• Exercise prompt
Transcribe word for word the section of the records below that opens with the line containing "Квартира 2+1 в" and closes with the line containing "ローヤルゼリー配合「ユンケルローヤルV」 10本(1箱) 新品未開封!_画像3"; drop every picture.

Data to process START

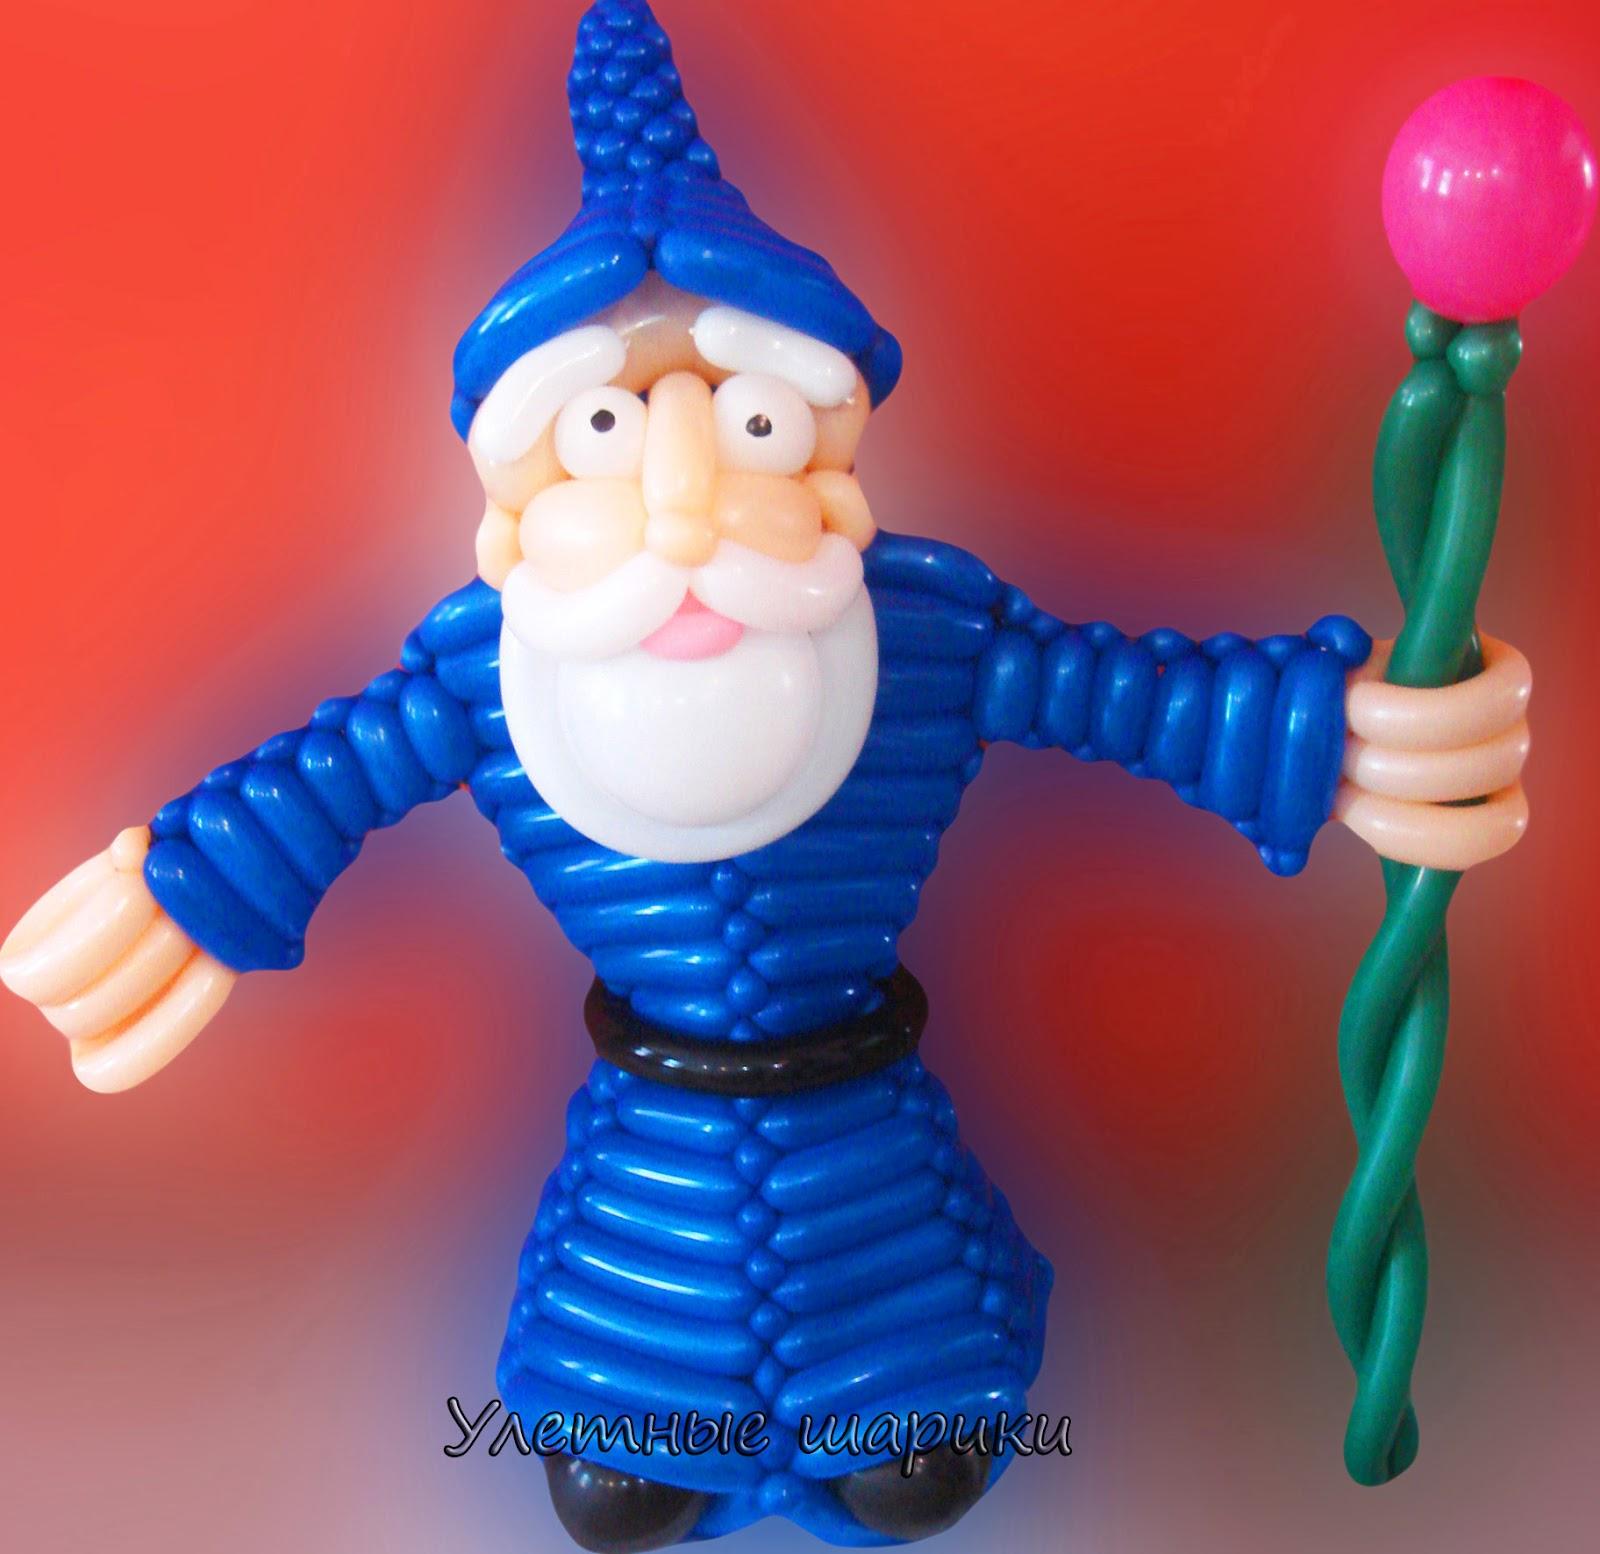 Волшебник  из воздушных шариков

Data to process END
Data to process START

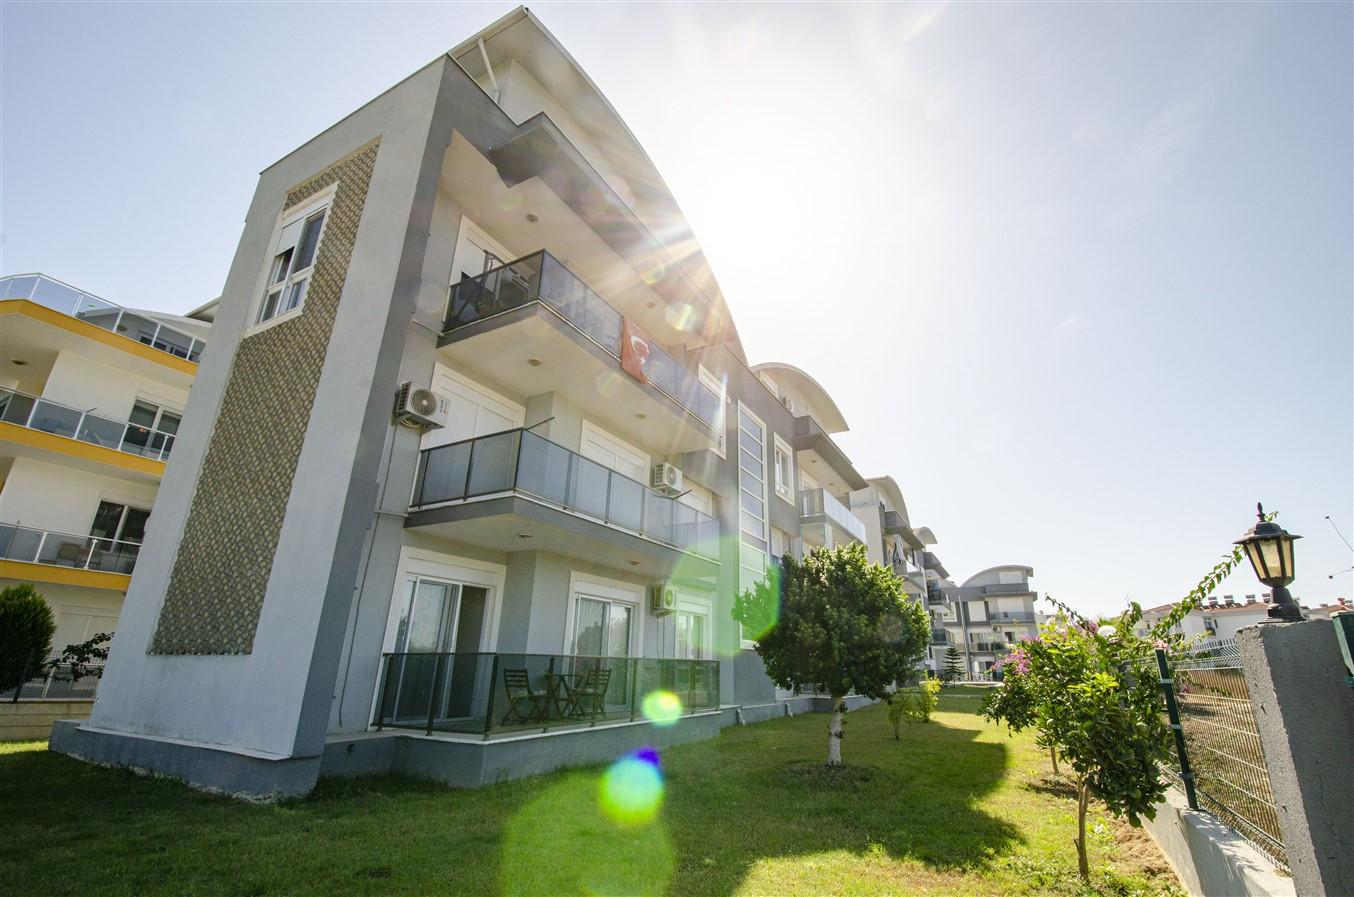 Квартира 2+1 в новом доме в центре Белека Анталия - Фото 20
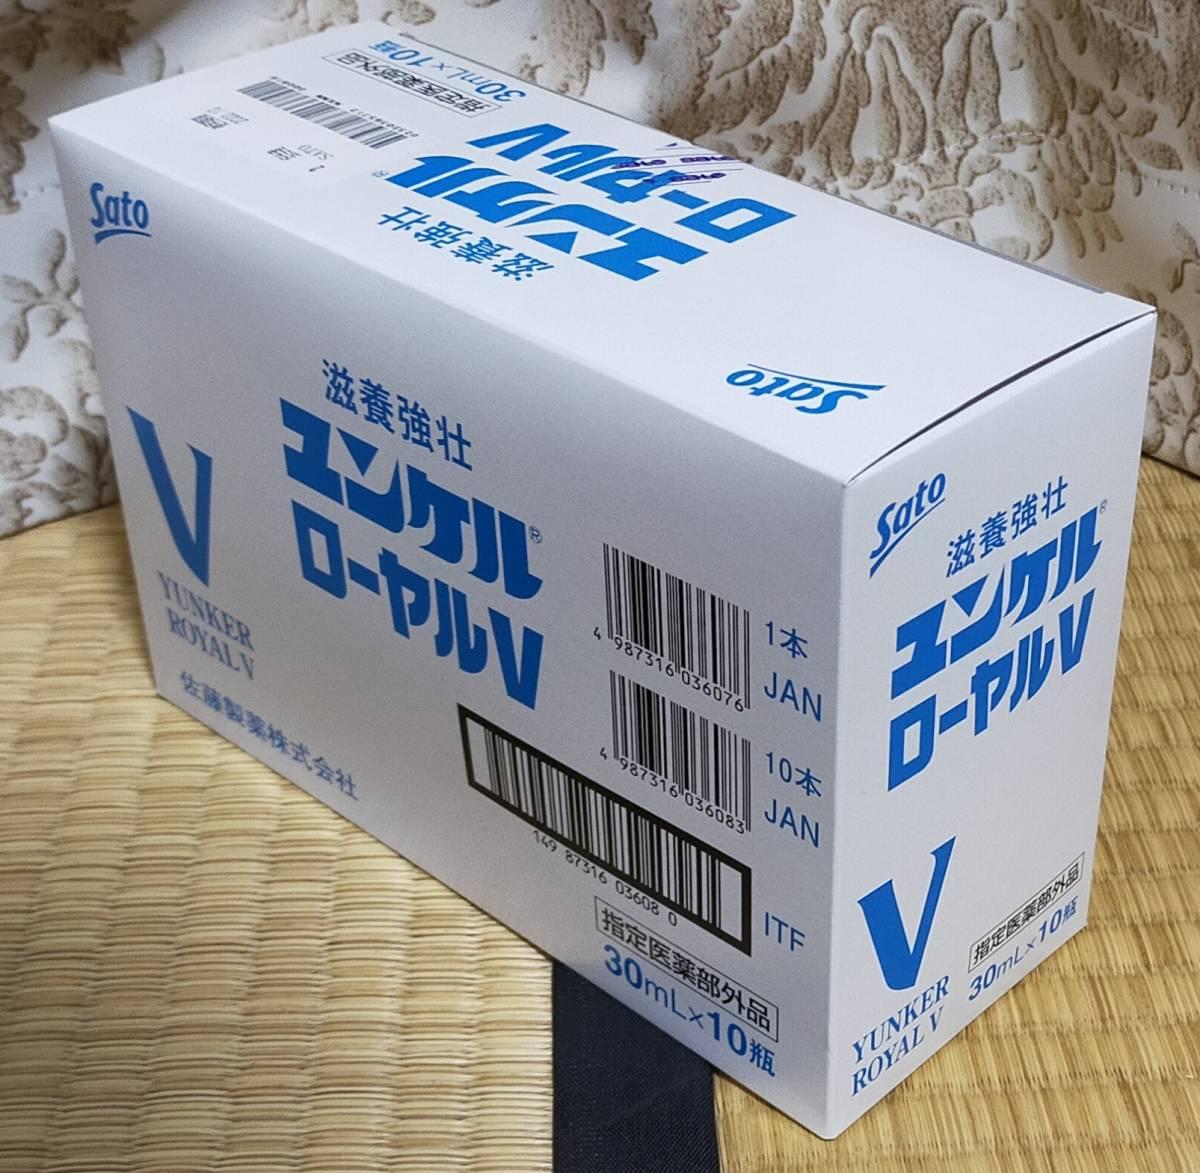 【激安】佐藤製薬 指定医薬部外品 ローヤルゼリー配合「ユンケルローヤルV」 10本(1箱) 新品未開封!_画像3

Data to process END

• Response area
 Квартира 2+1 в новом доме в центре Белека Анталия - Фото 20
 【激安】佐藤製薬 指定医薬部外品 ローヤルゼリー配合「ユンケルローヤルV」 10本(1箱) 新品未開封!_画像3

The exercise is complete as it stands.